= History of Stonyhurst College =

Stonyhurst College as a school dates back to 1593 when its antecedent, the Jesuit College at St Omer, was founded in Flanders to educate English Catholics. The history of the present school buildings dates as far back as 1200 AD.

==Stonyhurst Hall==

The earliest deed concerning the "Stanihurst" dates from 1200 AD and can now be found in the Arundell Library in the college, whilst the earliest evidence of a building on the site is from 1372 when John de Bayley was licensed to have an oratory there; the archway in the Bayley Room, within the 'Blind Tower', is believed to date from the fourteenth century, and may well be the only remnant of that earlier building. The oldest portion of the extant buildings however, the Shireburn Mansion (Stonyhurst Hall), was founded by the Roman Catholic, Richard Shireburn, a descendant of the Bayley family, whose son attended the College at St Omer. He built the gatehouse and open cupolas (known as "the towers") on top of an older settlement dating from 1592. The design of the gatehouse incorporates four of the classical orders (Doric, Ionic, Corinthian and Composite). Three similar designs appear on the buildings of Merton and Wadham College in Oxford, though those at Stonyhurs antedates them all by more than a decade. In places the exterior walls of this part of the building are as much as 6 feet thick.

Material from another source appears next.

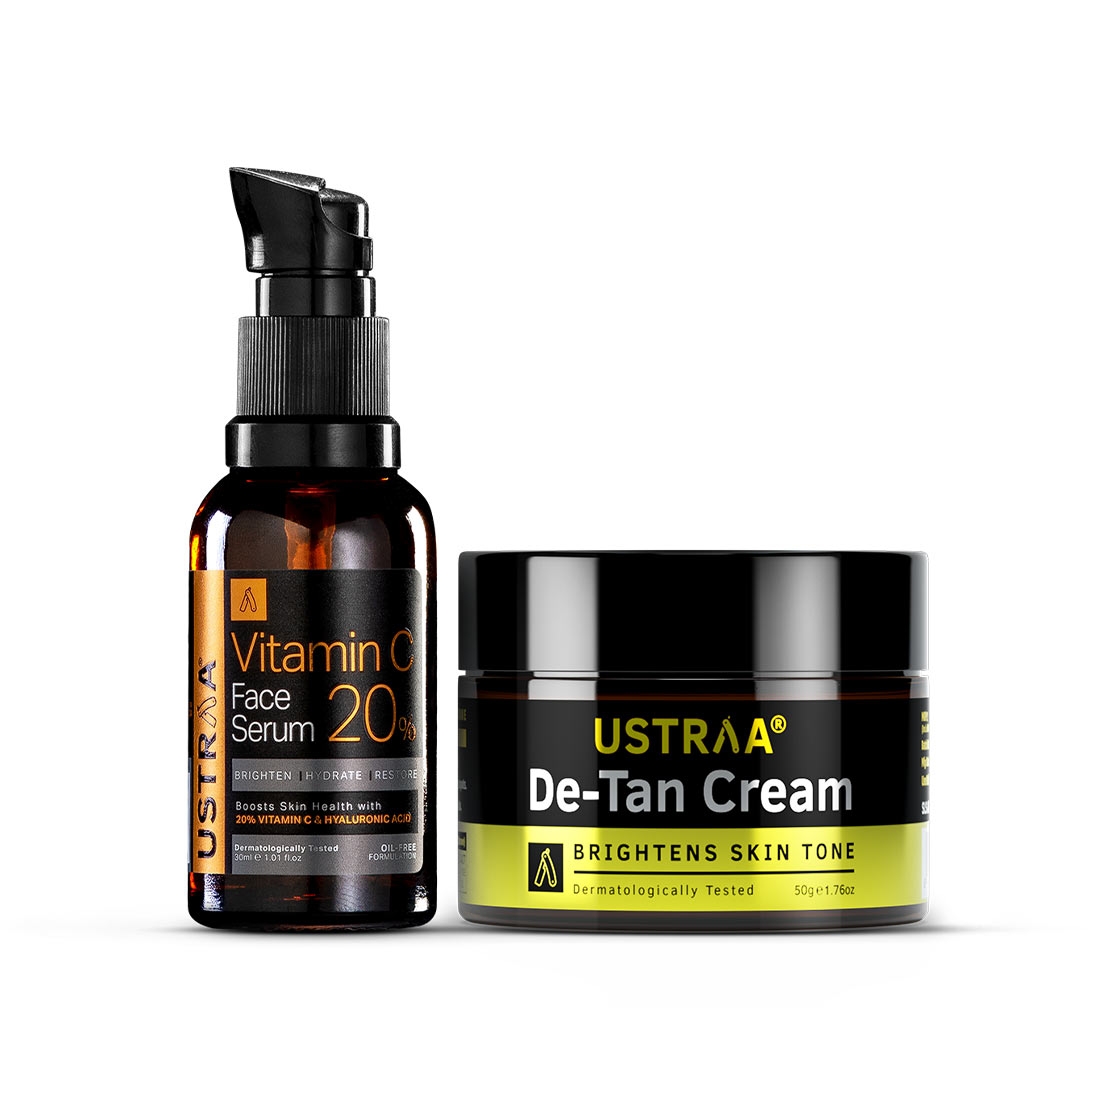 Ustraa Vitamin C Face Serum - 30ml & De-Tan Cream for Men - 50g

In 1648, during the English Civil War, Oliver Cromwell's army encamped near the hall on their way to the Battle of Preston. Cromwell spent the night at Stonyhurst and is reputed to have slept on a table, in the middle of the Great Hall, in full armour. He is said to have preferred this option to a bed because of fear of assassination and mistrust of his Catholic, royalist hosts. He was quoted as saying it was "the best half house" he had seen (the Hall was at that time still unfinished).

Richard Shireburn's successor and grandson, Sir Nicholas Shireburn, began an extensive building scheme to extend the "half house", and completed the great hall, gardens and avenue so that it could be a great manor house. Two ponds, each measuring 660 ft by 112 ft were constructed in 1696, along with the "causeway" between, today known as the Avenue. His son Richard was poisoned in the gardens in 1702, and with no male heir Nicholas ceased building. Upon his death in 1717, the buildings passed to his wife and then to their sole heir, Maria Shireburn, Duchess of Norfolk. The Duchess was married to Thomas Howard, 8th Duke of Norfolk, and lived at Arundel Castle in Sussex. Unoccupied, the buildings at Stonyhurst began to fall into disrepair.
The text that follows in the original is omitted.